AMP-activated protein kinase (AMPK) is an energy sensor and ubiquitously expressed in vascular cells. Recent studies suggest that AMPK activation improves endothelial function by counteracting oxidative stress in endothelial cells. How AMPK suppresses oxidative stress remains to be established.
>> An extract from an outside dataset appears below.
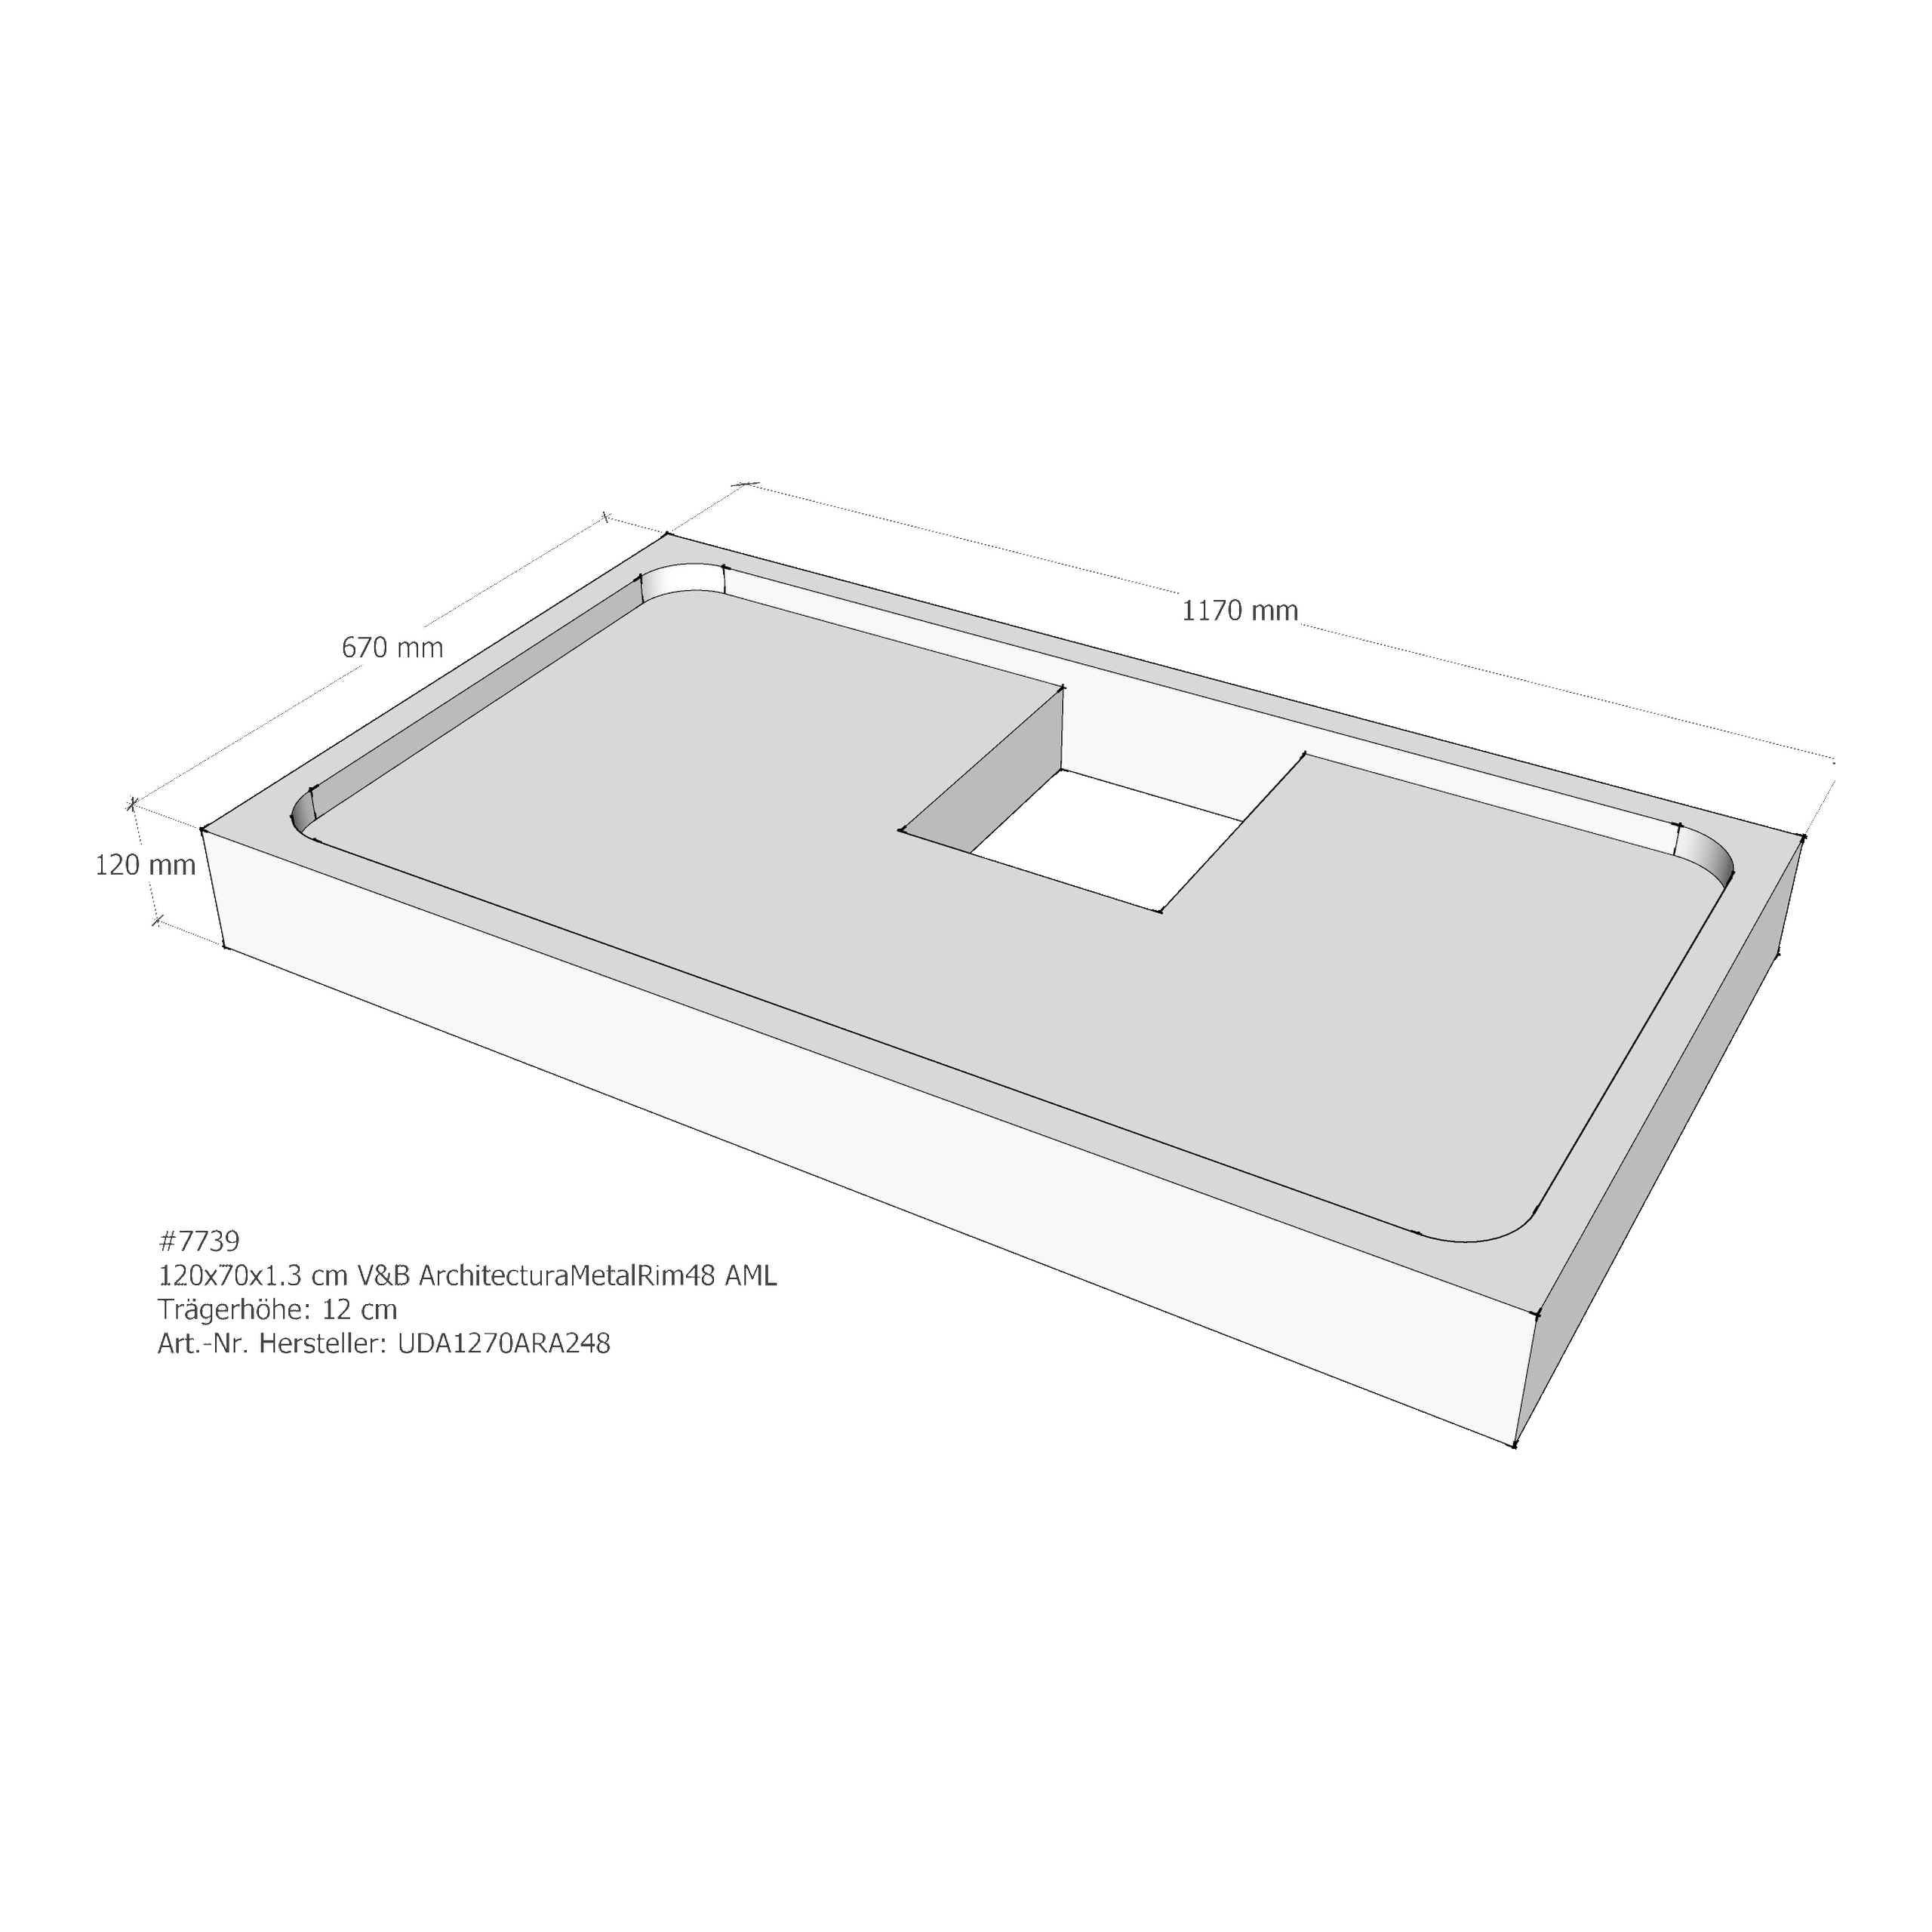 Duschwannenträger für Villeroy & Boch Architectura MetalRim 120 × 70 × 1,3 cm

The aim of this study is to examine the effects of AMPK in regulating NAD(P)H oxidase, oxidative stress and endothelial function.
Methods and Results
AMPK activity, the markers of oxidative stress, NAD(P)H oxidase subunit expression (gp91phox, p47phox, p67phox, NOX1-4), NAD(P)H oxidase-mediated superoxide production, 26S proteasome activity, IκBα degradation, and nuclear translocation of NF-κB (p50 and p65) were examined in cultured human umbilical vein endothelial cells (HUVEC) and mouse aortas isolated from AMPKα2 deficient mice. Compared to the wild type, acetylcholine (Ach)-induced endothelium-dependent relaxation was significantly impaired in parallel with increased production of oxidants in AMPKα2−/− mice. Further, pretreatment of aorta with either superoxide dismutase or Tempol or apocynin significantly improved Ach-induced endothelium-dependent relaxation in AMPKα2−/− mice. Analysis of aortic endothelial cells from AMPKα2−/− mice and human umbilical vein endothelial cells (HUVECs) expressing dominant negative AMPK or AMPK α2-specific siRNA revealed that loss of AMPK activity increased NAD(P)H oxidase subunit expression (gp91phox, p47phox, p67phox, NOX1-4), NAD(P)H oxidase-mediated superoxide production, 26S proteasome activity, IκBα degradation, and nuclear translocation of NF-κB (p50 and p65), whereas AMPK activation by AICAR or over-expression of constitutively active AMPK had the opposite effect. Consistently, we found that genetic deletion of AMPKα2 in LDL receptor knockout (LDLr−/−) strain markedly increased 26S proteasome activity, IκB degradation, NF-κB transactivation, NAD(P)H oxidase subunit overexpression, oxidative stress, endothelial dysfunction, and atherosclerosis, all of which were largely suppressed by chronic administration of MG132, a potent cell permeable proteasome inhibitor..
We conclude that AMPKα2 functions as a physiological suppressor of NAD(P)H oxidase and ROS production in endothelial cells. In this way AMPK maintains the non-atherogenic and non-inflammatory phenotype of endothelial cells.